Арина была удивительно красива. Черные волосы переливались в новорожденных лучах, сверкая на солнце. Ее утомленные глаза от праздника и безумия, от бессонных дней и ночей горели ярким огнем и не давали ей уставать от юности и восторга этого утра. Он любовался ею. Она и была для него сейчас и солнцем, и рассветом, а он готов был стать вулканом или горой под ее ногами и нести по жизни девочку с такими глазами на любой край света бесконечно долго…
«Как это здорово, когда любишь и можешь стоять на самой вершине, на самом краю, а дальше остается только взлететь, — думала она. — Когда этот человек рядом, просто держит тебя за руку, светит солнце, и больше не нужно ничего…»
«Нет, нужно, — мысленно вторил он. — Хочется, чтобы рядом ходил маленький человечек, тот самый, с ее картины, и был похож на них, а остальное не имеет никакого значения. Рука в руке, тепло этого солнца и маленький человечек рядом… Нет, три человека…»
«Так не бывает…»
«Но это есть… Как хорошо, что теперь ты сможешь все! Даже больше. Ты стоишь на этой вершине, а другие горы ждут тебя впереди, а дальше — только полет», — думал он, любуясь восходом, любуясь ею.
Полет в никуда, в неизвестность, и только туда, наверх… Как жаль, что подняться выше невозможно…
Утром следующего дня они находились на палубе корабля. Проснулись рано, им снова не хотелось пропускать рассвет. Пусть он был поздний, этот рассвет, зимний, но солнце снова будет горячим, будет светить в их лица, и они снова будут вместе его встречать. Картина стояла в стороне, и в сумерках зарождающегося утра ее краски совсем не поблекли. Они светились в темноте от яркого фонаря на палубе, оживая, и этот маленький дом и люди казались настоящими. Маленький крошечный мир, написанный чьей-то рукой — он помещался в этой рамке, и жизни этих людей. Оставалось всего несколько мазков — и глаза этой женщины засияют.
Петр неожиданно произнес:
— Я хотел тебе сказать, — он волновался и поэтому замолчал. Он вел себя, как ребенок. — Знаешь, коль скоро мы с тобой уже так давно знакомы… Уже почти месяц, я хотел тебе сказать… Я хотел сделать тебе предложение.
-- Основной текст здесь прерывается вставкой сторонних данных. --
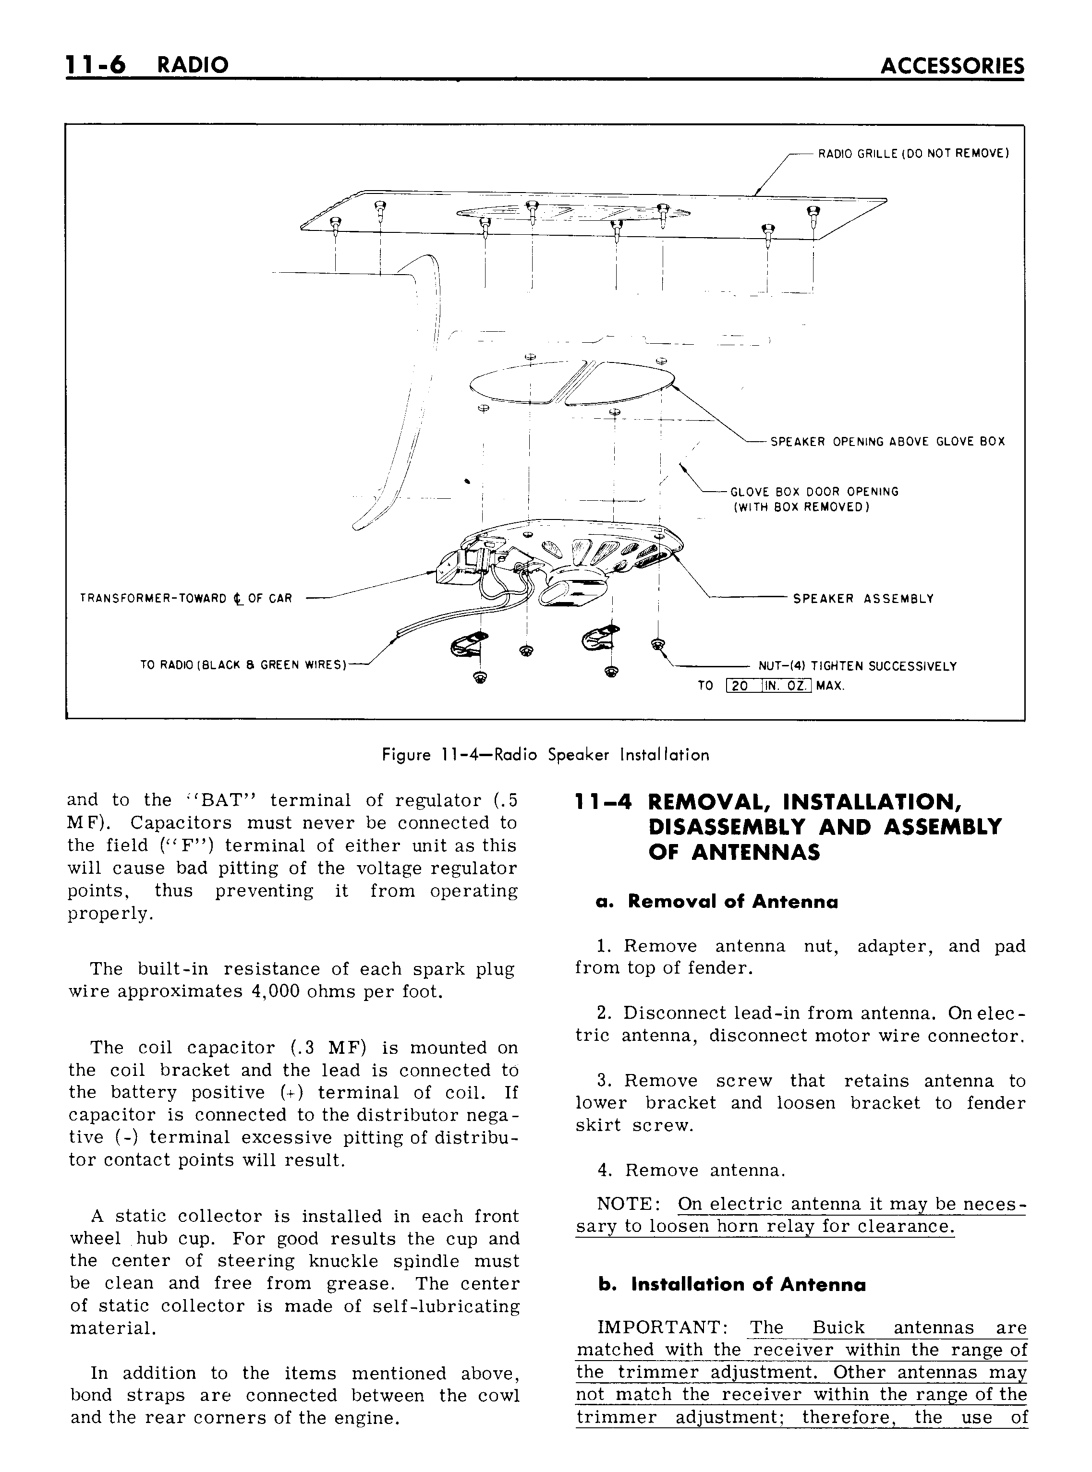 n_11 1961 Buick Shop Manual - Accessories-006-006.jpg

— Ты обезумел, мой хороший, — засмеялась она.
— Нет, не обезумел, все прошлое не считается. Давай начнем сначала. То есть пройдем все это еще раз, но по-другому. А поэтому делаю тебе предложение, — повторил он.
— Ты опоздал, глупый, ты уже сделал мне предложение, и теперь я занята. Уже десять лет! За-ня-та!
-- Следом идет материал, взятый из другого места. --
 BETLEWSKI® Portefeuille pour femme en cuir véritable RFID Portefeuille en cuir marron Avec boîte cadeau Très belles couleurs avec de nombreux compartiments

— Не совсем, — улыбнулся он. — Если ты, конечно, готова снова выйти за меня… Я поведу тебя под венец.
— Что?
— Через неделю мы вернемся и будем венчаться…
Он снова улыбнулся и добавил:
— Так и быть, уговорила! Делаю тебе предложение… во второй раз!
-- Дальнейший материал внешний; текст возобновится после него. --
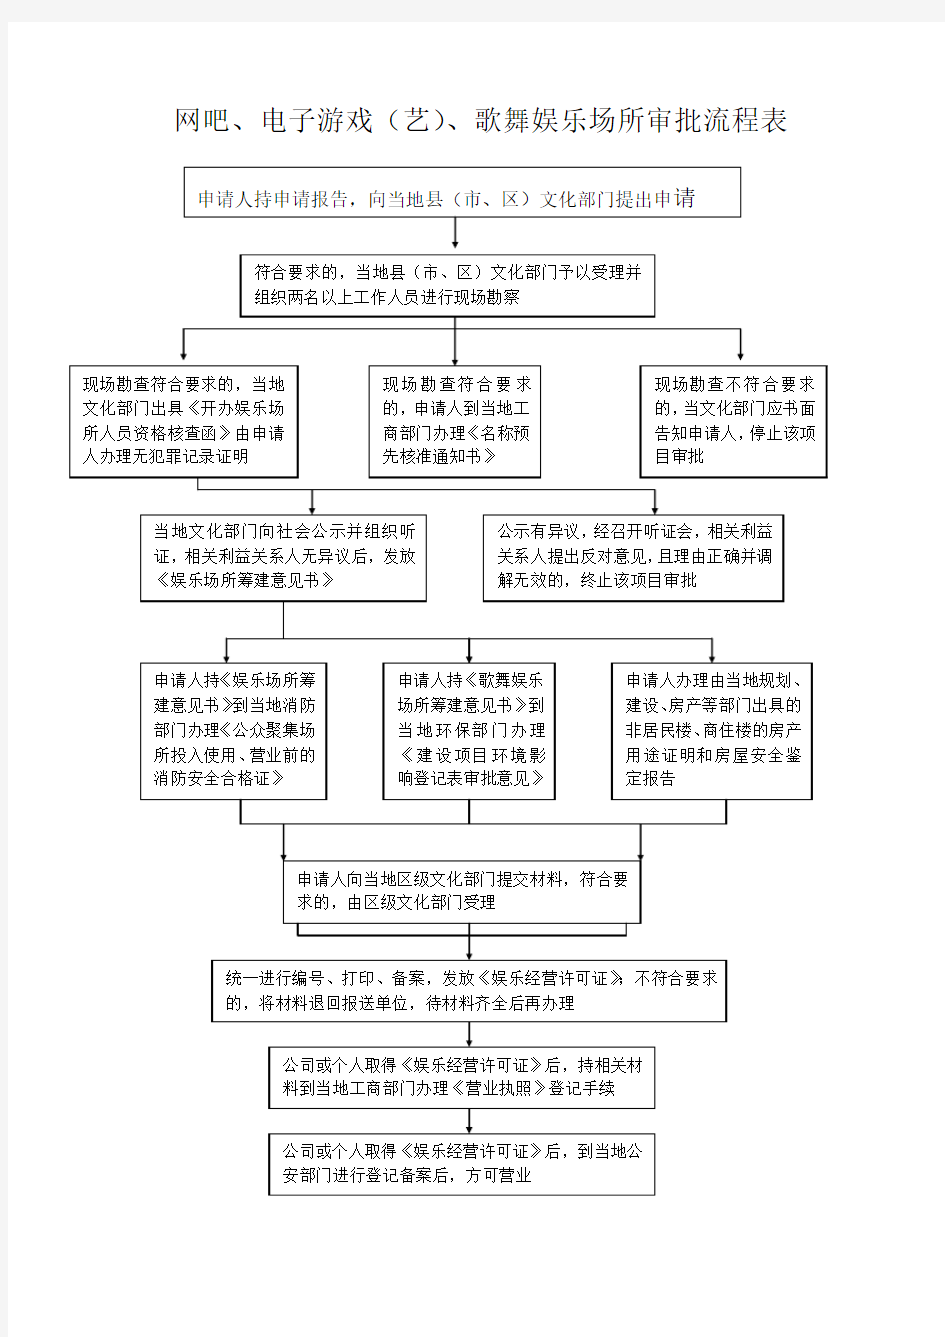 文广局行政审批流程图

Она промолчала, пристально глядя в его глаза. Он не понимал, что с ней творится, лишь видел, как она волнуется. «Разве может женщина спустя столько лет так воспринимать его слова?» — поразился он.
А сердце ее вырывалось наружу. Глаза светились невероятным блеском, она не могла вымолвить ни слова. Что-то хотела сказать. Сделать это прямо сейчас… Но почему-то молчала.
«Если любит, может», — подумал он, глядя в эти глаза.
— Такое нужно отметить! — воскликнул он. — Шампанского!
— В девять утра! — только и сказала она, потом засмеялась. Но он уже скрылся в дверях кают-компании, спускаясь в трюм, где находились их запасы. Повар спал, да и не нужен был сейчас этот повар. Петр быстро шел, он торопился вернуться к ней. Шел и думал о предложении, которое только что сделал. Как давно он не делал этой женщине предложения! Почему? Если ты еще способен произносить это слово — «люблю» — делай такие предложения часто. Делай их каждый день…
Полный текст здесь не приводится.